Chandrayaan-2 will carry 14 payloads to moon, no foreign module this time

Chandrayaan-2 mission involving a lander, a rover and an orbiter and whose launch is scheduled between July 9 and July 16 will carry 14 payloads. While the orbiter will carry eight payloads, the lander called Vikram will have four and the rover named Pragyan, which will roll out on the moon's surface, will have two payloads.
Chandrayaan-2 will carry 14 payloads to moon, no foreign module this time
Image used for representation (File Photo)
Key Highlights
  • Chandrayaan-2 mission involving a lander, a rover and an orbiter and whose launch is scheduled between July 9 and July 16 will carry 14 payloads
  • While the orbiter will carry eight payloads, the lander called Vikram will have four and the rover named Pragyan, which will roll out on the moon's surface, will have two payloads
NEW DELHI: Chandrayaan-2 mission involving a lander, a rover and an orbiter and whose launch is scheduled between July 9 and July 16 will carry 14 payloads. These payloads or experimental modules will be used to perform scientific tests and take images of the moon when the spacecraft reaches the lunar orbit and subsequently the lunar surface.
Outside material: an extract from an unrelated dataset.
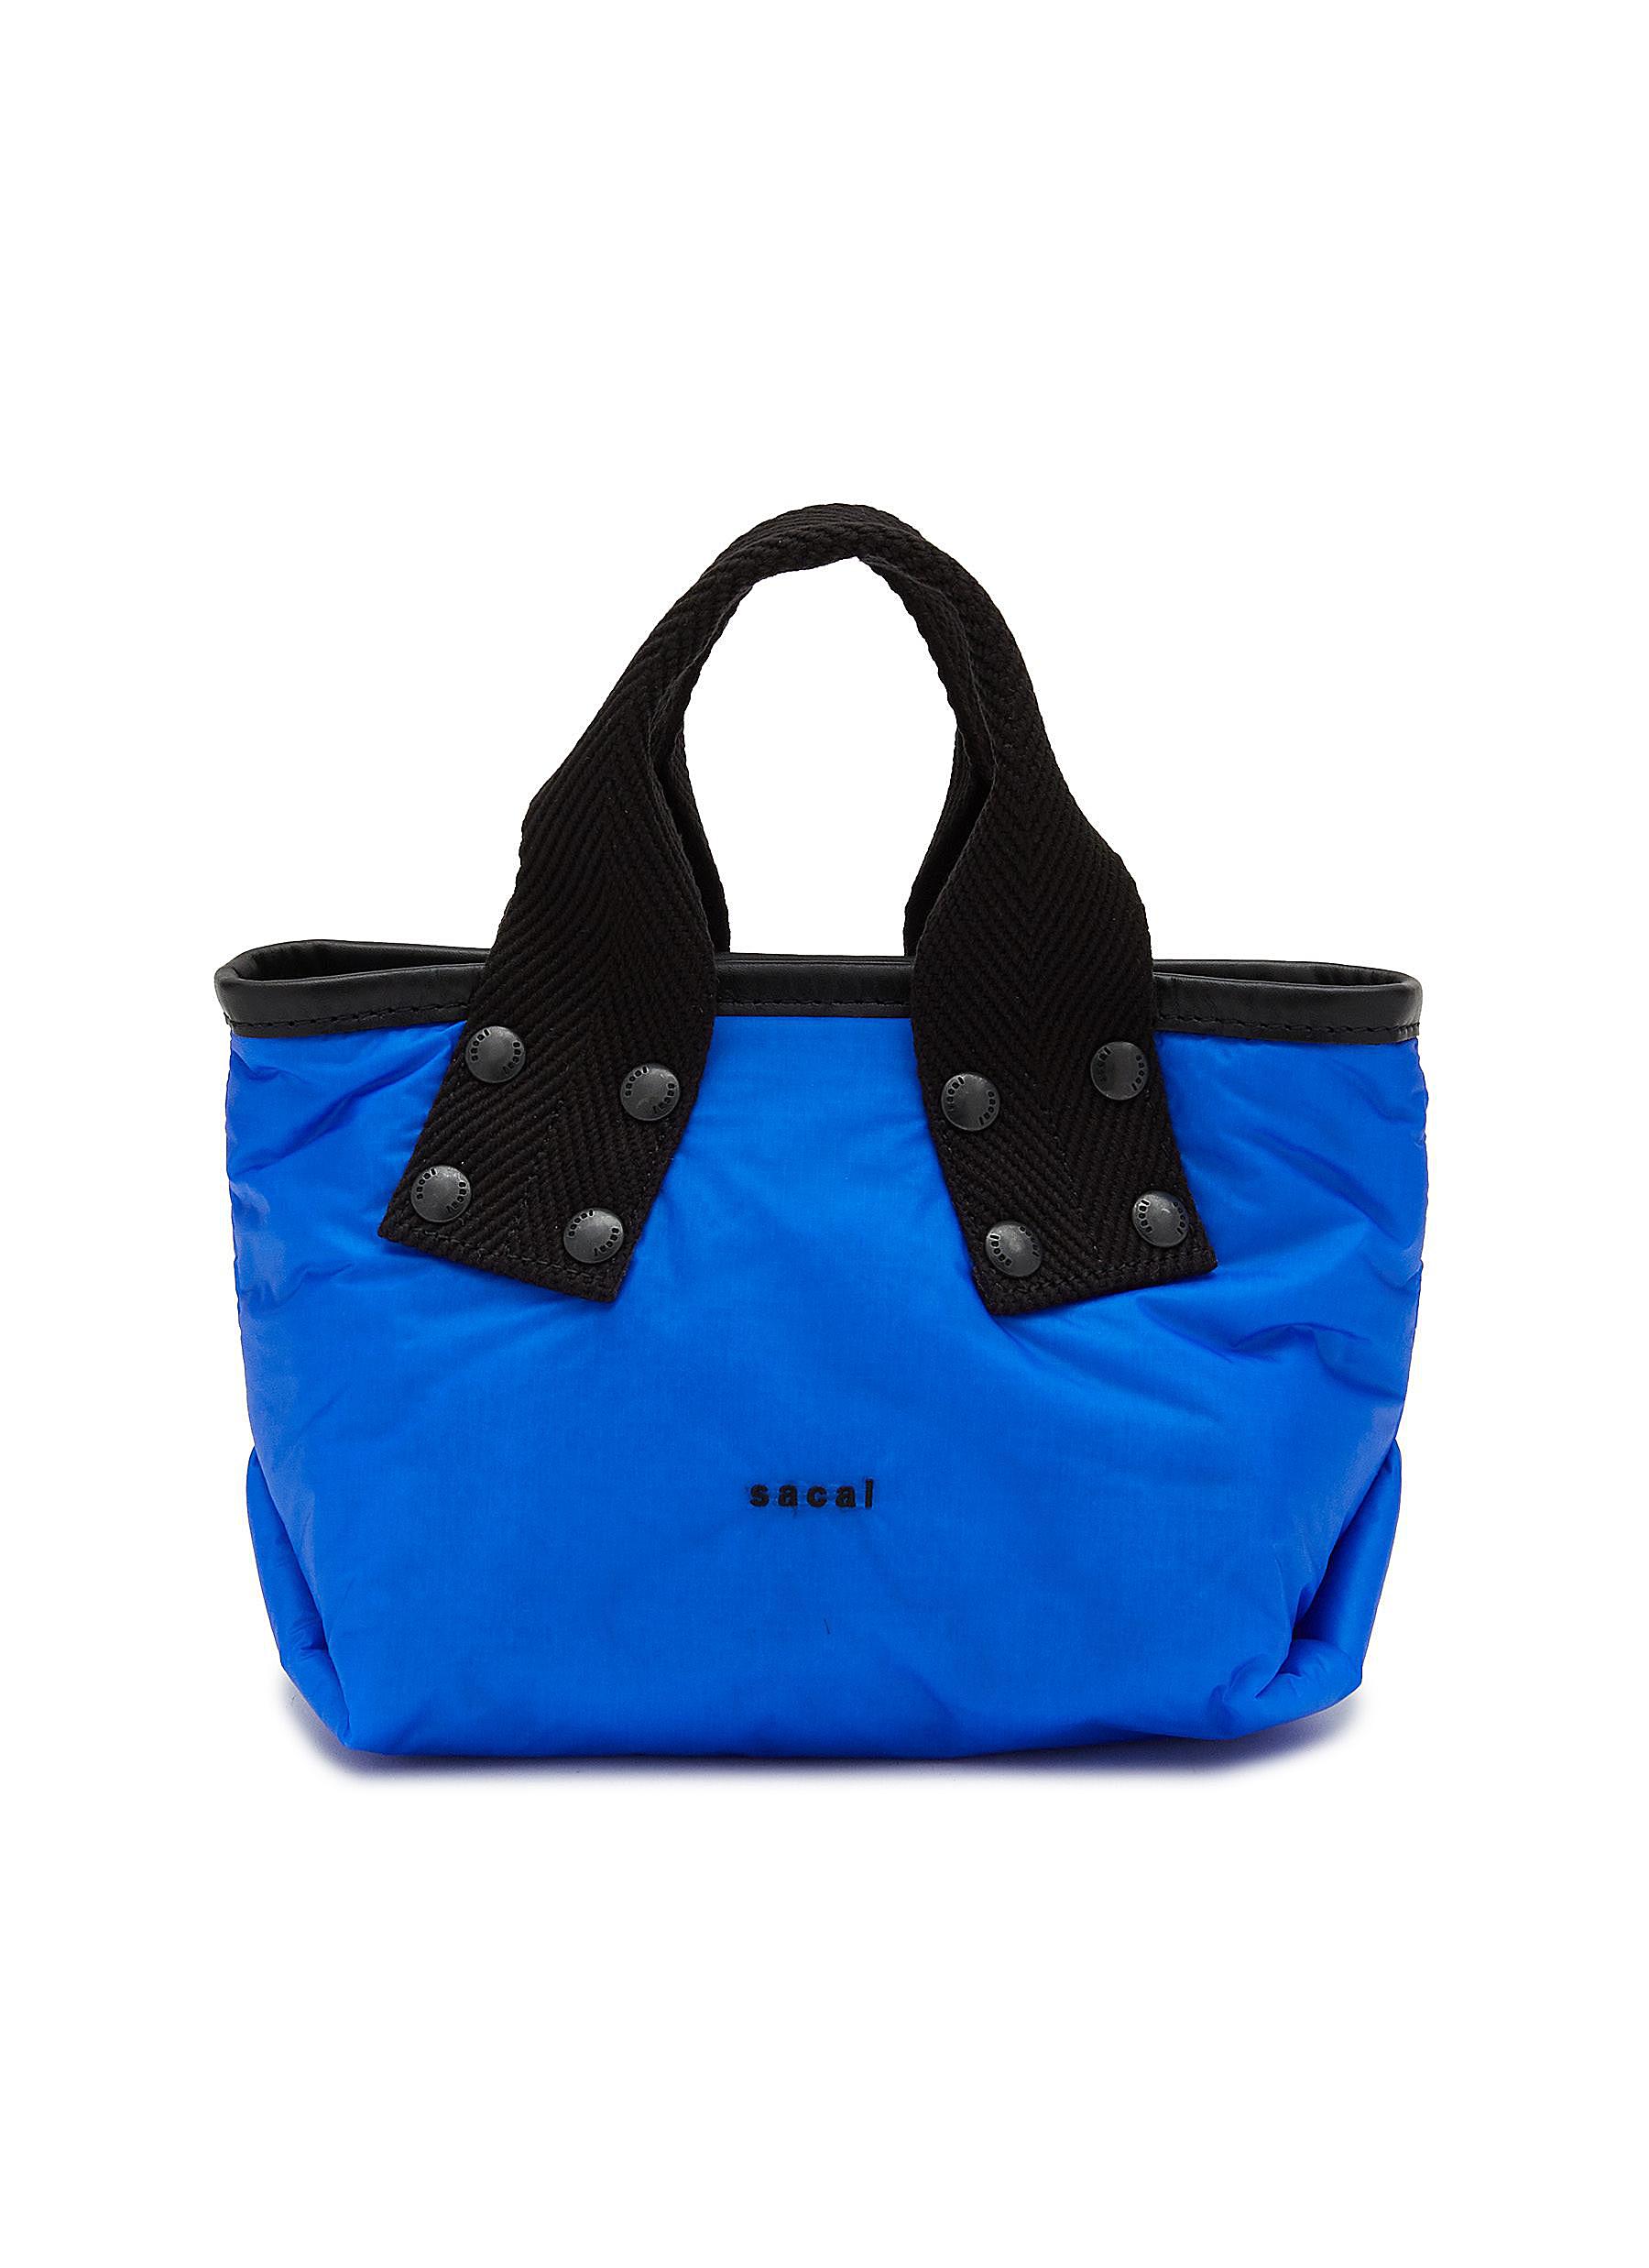 SACAI | Small Skytex Tote Bag | BLUE | Beauty | Lane Crawford

While the orbiter will carry eight payloads, the lander called Vikram will have four and the rover named Pragyan, which will roll out on the moon's surface, will have two payloads.

Chandrayaan-2 spacecraft, whose mass will be 3.8 tonne, is expected to land on the moon on September 6, an update in Isro website says. Unlike last time when Chandrayaan-1 mission, launched in 2008, carried five foreign payloads (three from Europe and two from the US), the Rs 800 crore second mission will carry only Indian payloads.
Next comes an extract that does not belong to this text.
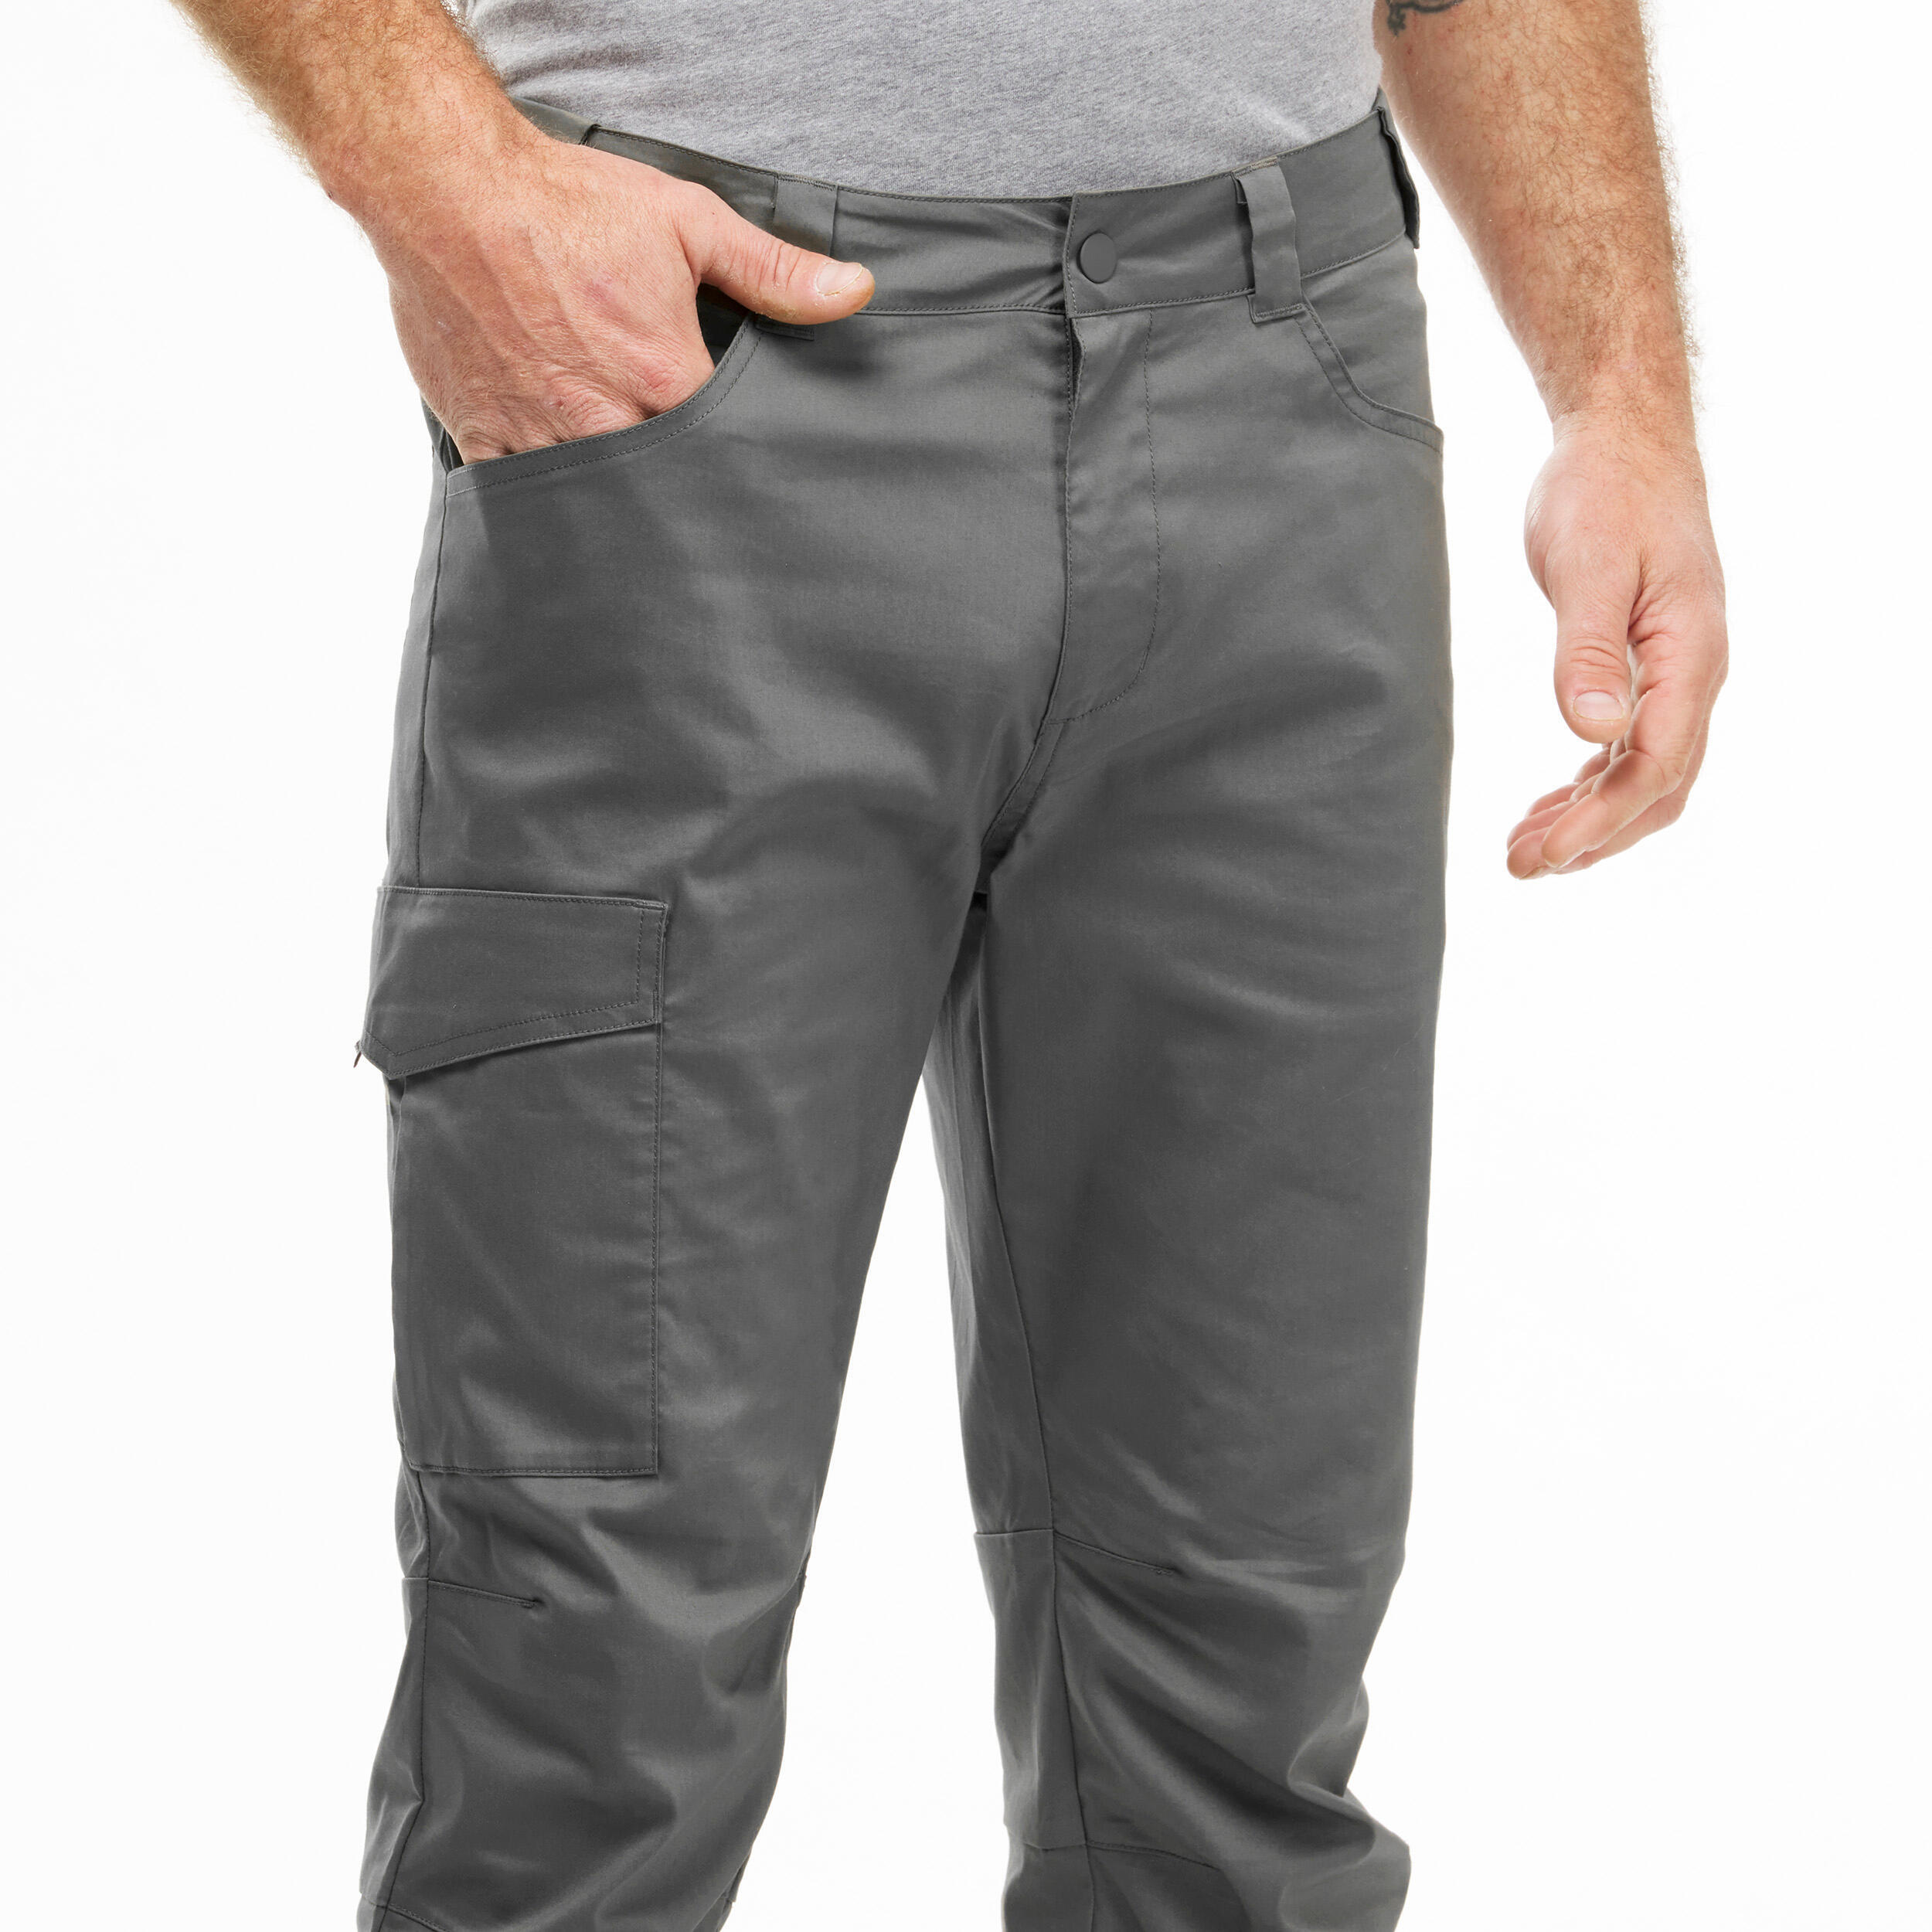 Men’s Hiking Trousers NH100 5/8

The orbiter and lander modules will be stacked as an integrated module and accommodated inside an advanced GSLV MK-III launch vehicle. The rover will be housed inside the lander. After the launch from Sriharikota into the earth-bound orbit by GSLV MK-III between July 9 and 16, the integrated module will reach the moon orbit using an orbiter propulsion module. After a journey from the earth to the moon in 45-50 days, the module will arrive in the lunar orbit, around 100 km from the moon's surface.
chandrayaan-2-mission-update (1)

Once Chandrayaan-2 spacecraft reaches the lunar orbit, Vikram will separate from the orbiter and soft-land at the predetermined site close to the south pole, which had not been explored by other countries.
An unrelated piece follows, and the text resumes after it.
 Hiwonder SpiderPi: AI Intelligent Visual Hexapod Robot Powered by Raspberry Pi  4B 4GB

Talking to TOI earlier, Isro chairman K Sivan said, “Once Vikram lands on the lunar surface on September 6, rover Prayan will come out of it and roll out on the lunar surface for 300-400 metre. It will spend 14 earth days on the moon for carrying out different scientific experiments.” The rover will analyse the content of the lunar surface and send data and images back to the Earth through the orbiter within 15 minutes, he said.

The launch of India’s second lunar mission was initially planned in April last year but Isro kept deferring it because of the complexities involved in the mission. In fact, the four-legged Vikram lander suffered a fracture in one of its legs during a test earlier this year. India had also almost lost the race to Israel to become the fourth country in the world after Russia, US and China to land the spacecraft on the moon. However, with Israel’s Beresheet failing to land on the moon on April 12 this year, Chandrayaan-2’s moon-landing on September 6, if successful, will make India the fourth country in the world to land on the moon.
Chandrayaan-2 will explore the south pole, an uncharted territory. Only China’s Chang’e 4 spacecraft had recently in January landed on the moon’s far side, also known as the dark side because it faces away from the Earth and remains comparatively unknown.
India's first moon mission Chandrayaan-1, which involved only an orbiter and weighed 1.4 tonne, was launched on October 22, 2008. Then the lunar craft carried 11 payloads, six from India, three from Europe and two from the US.
The payloads in Chandrayaan-2 not only discovered water on the moon but also mapped 3D topography of the moon. The spacecraft made more than 3,400 orbits around the moon during which it took hundreds of images of the moon. The Rs 386-crore Chandrayaan-1 mission concluded when the communication with the spacecraft was lost on August 29, 2009. Chandrayaan-1 operated for 312 days as opposed to the intended two years but the mission achieved 95% of its planned objectives.